What you have to do:
Pictures excluded, output exactly the lines from the one containing "Noradtjcca 2pcs Portatile" through the last line of the listing below.

Data excerpt:
# # # # # # #

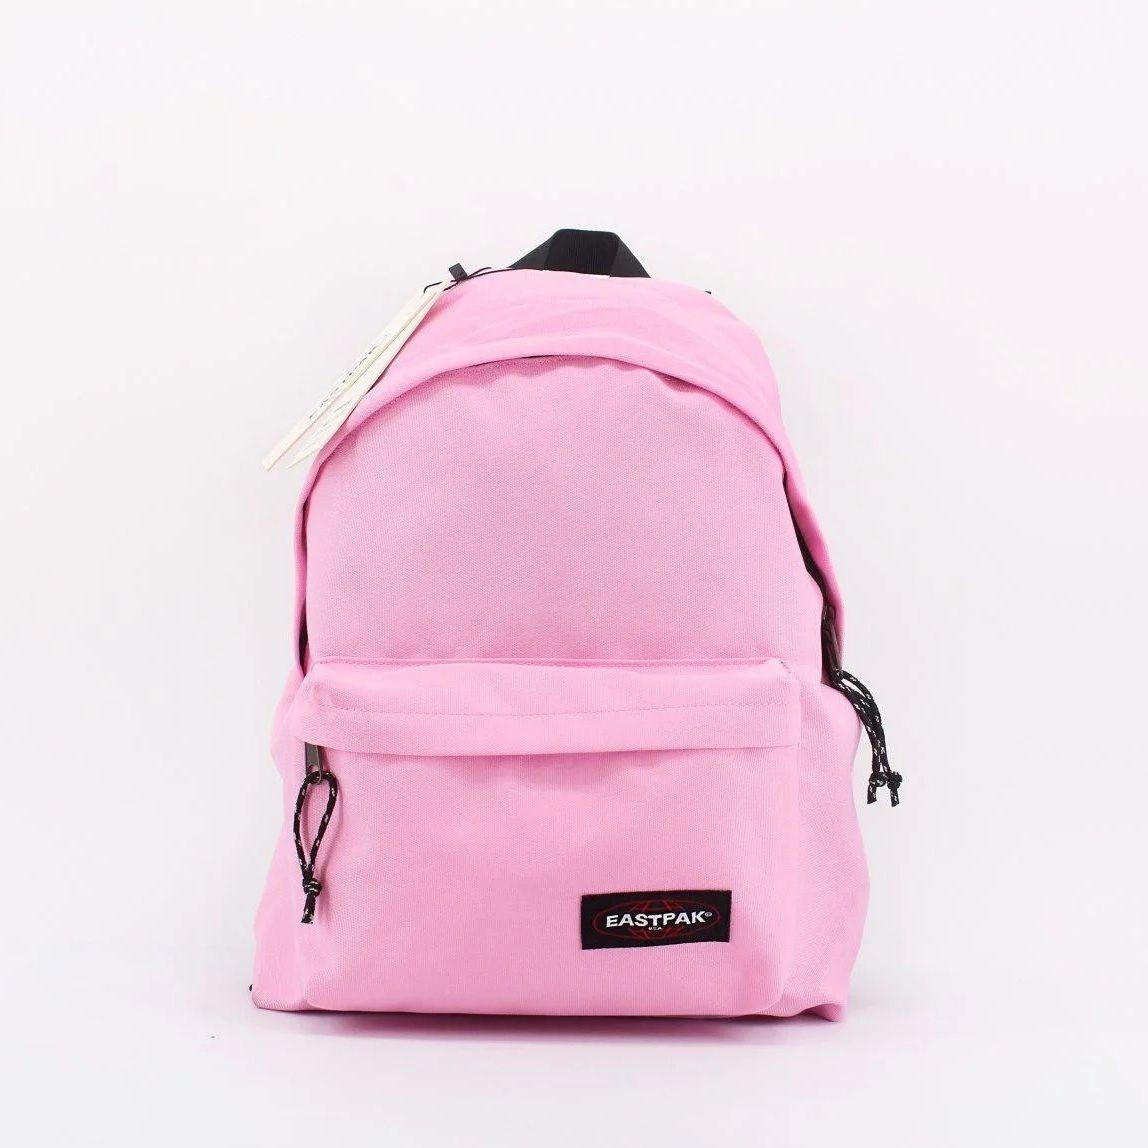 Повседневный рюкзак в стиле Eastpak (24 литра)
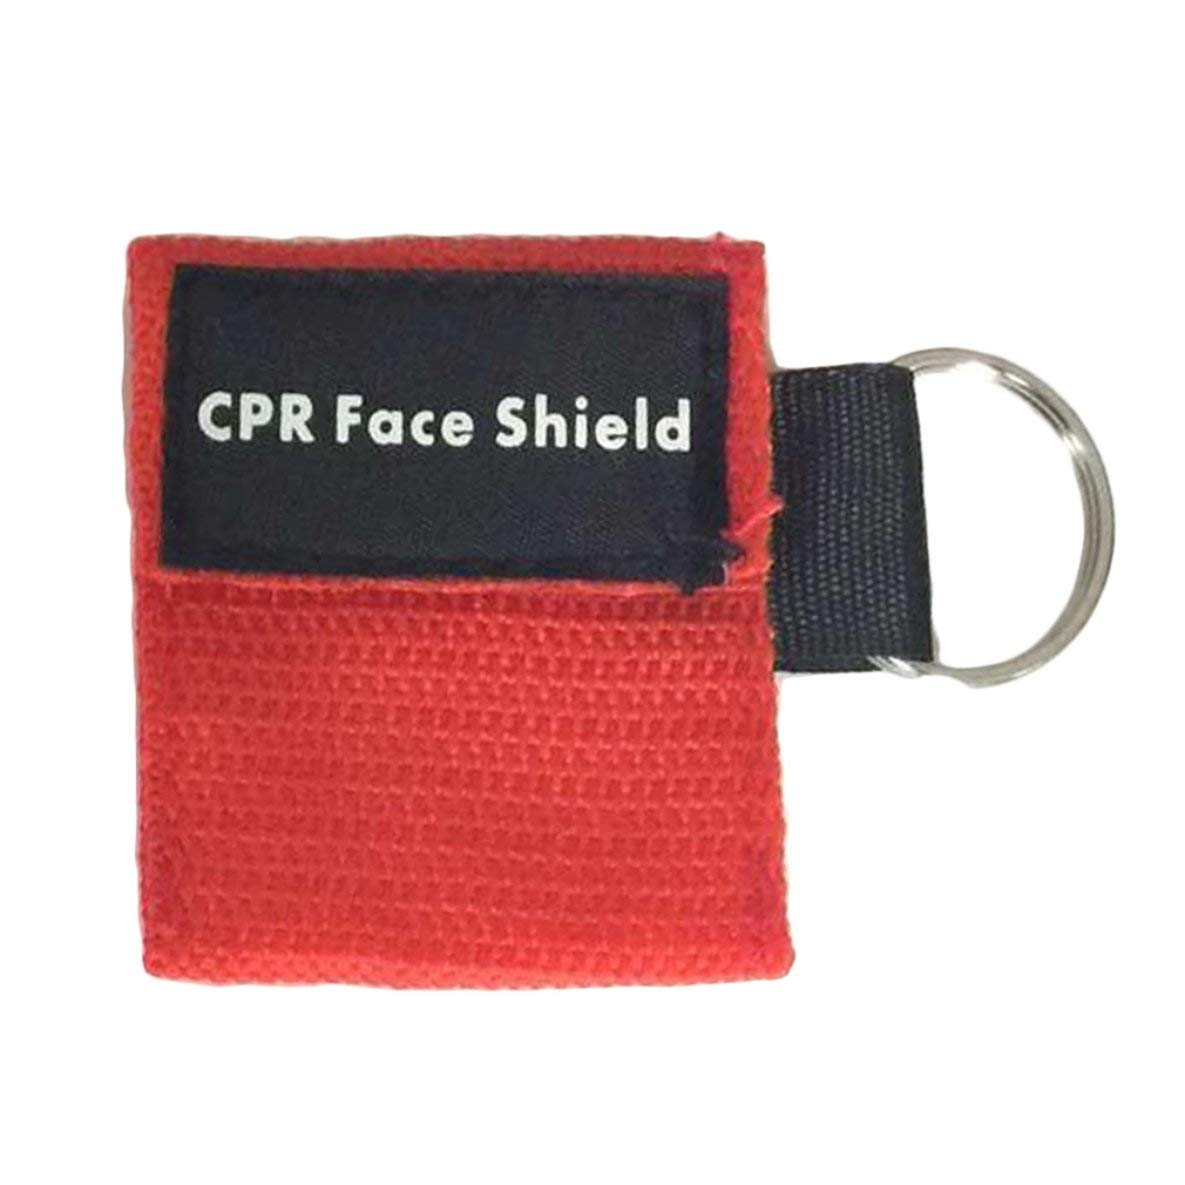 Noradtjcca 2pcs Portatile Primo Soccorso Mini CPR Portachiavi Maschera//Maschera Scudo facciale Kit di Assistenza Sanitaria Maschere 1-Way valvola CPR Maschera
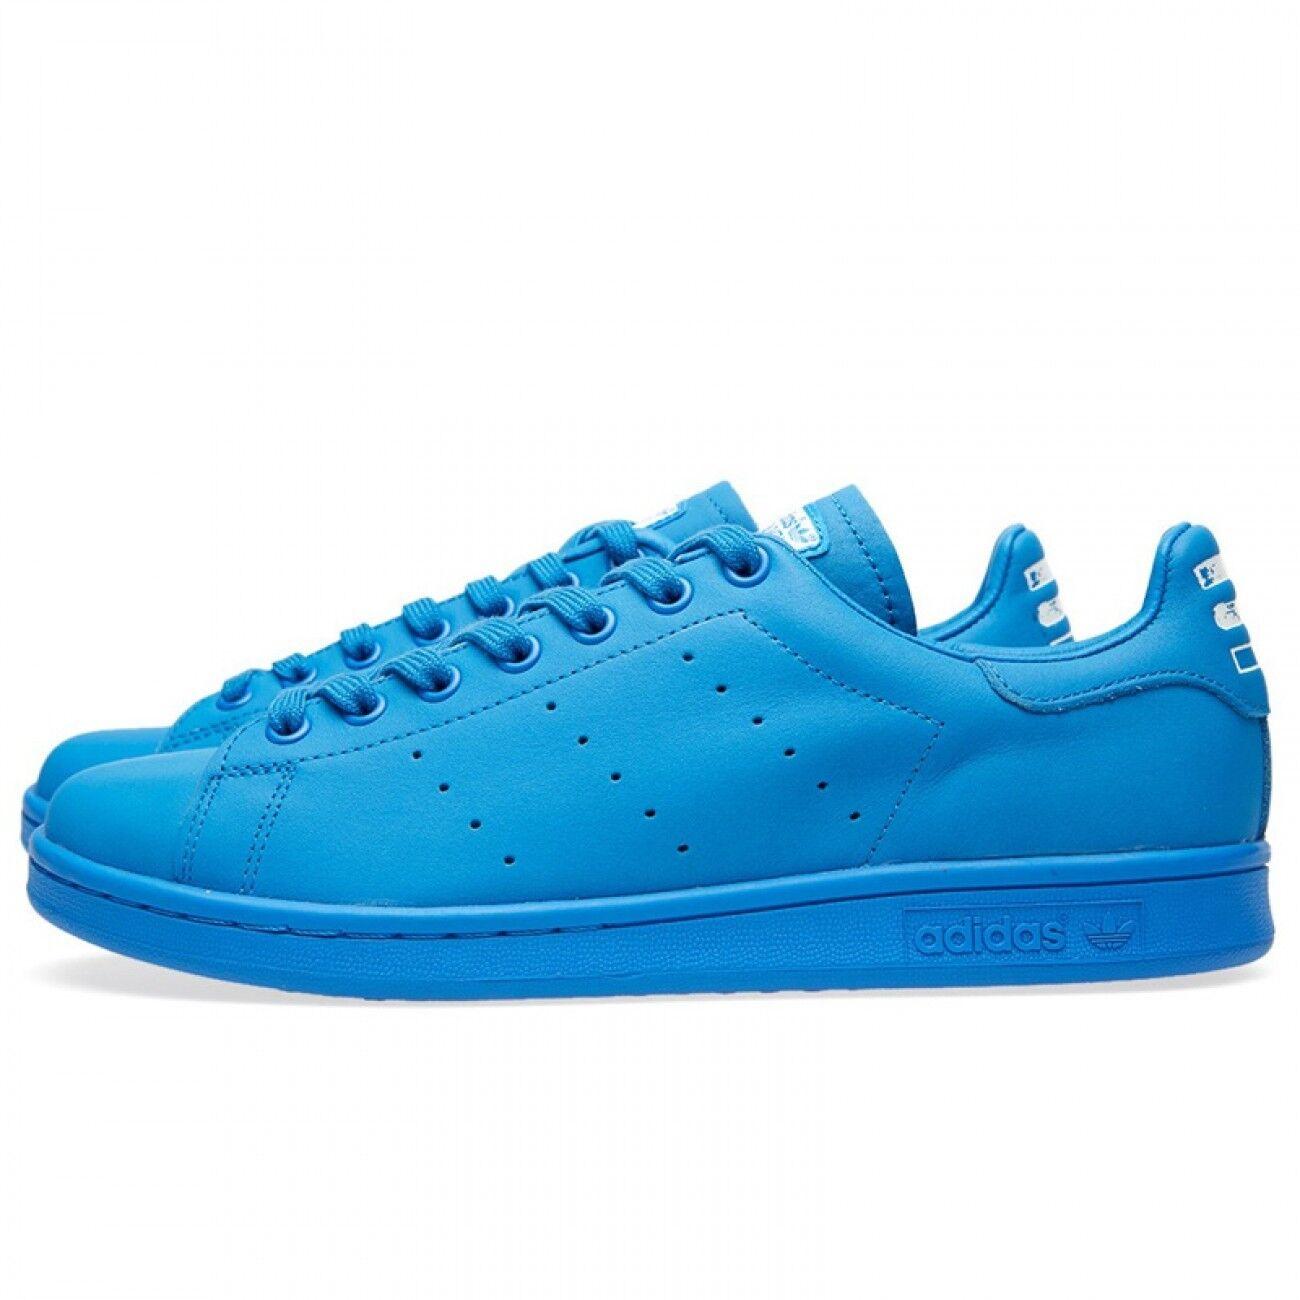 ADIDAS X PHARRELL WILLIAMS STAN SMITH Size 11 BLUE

# # # # # # #

Reply:
 Noradtjcca 2pcs Portatile Primo Soccorso Mini CPR Portachiavi Maschera//Maschera Scudo facciale Kit di Assistenza Sanitaria Maschere 1-Way valvola CPR Maschera
 ADIDAS X PHARRELL WILLIAMS STAN SMITH Size 11 BLUE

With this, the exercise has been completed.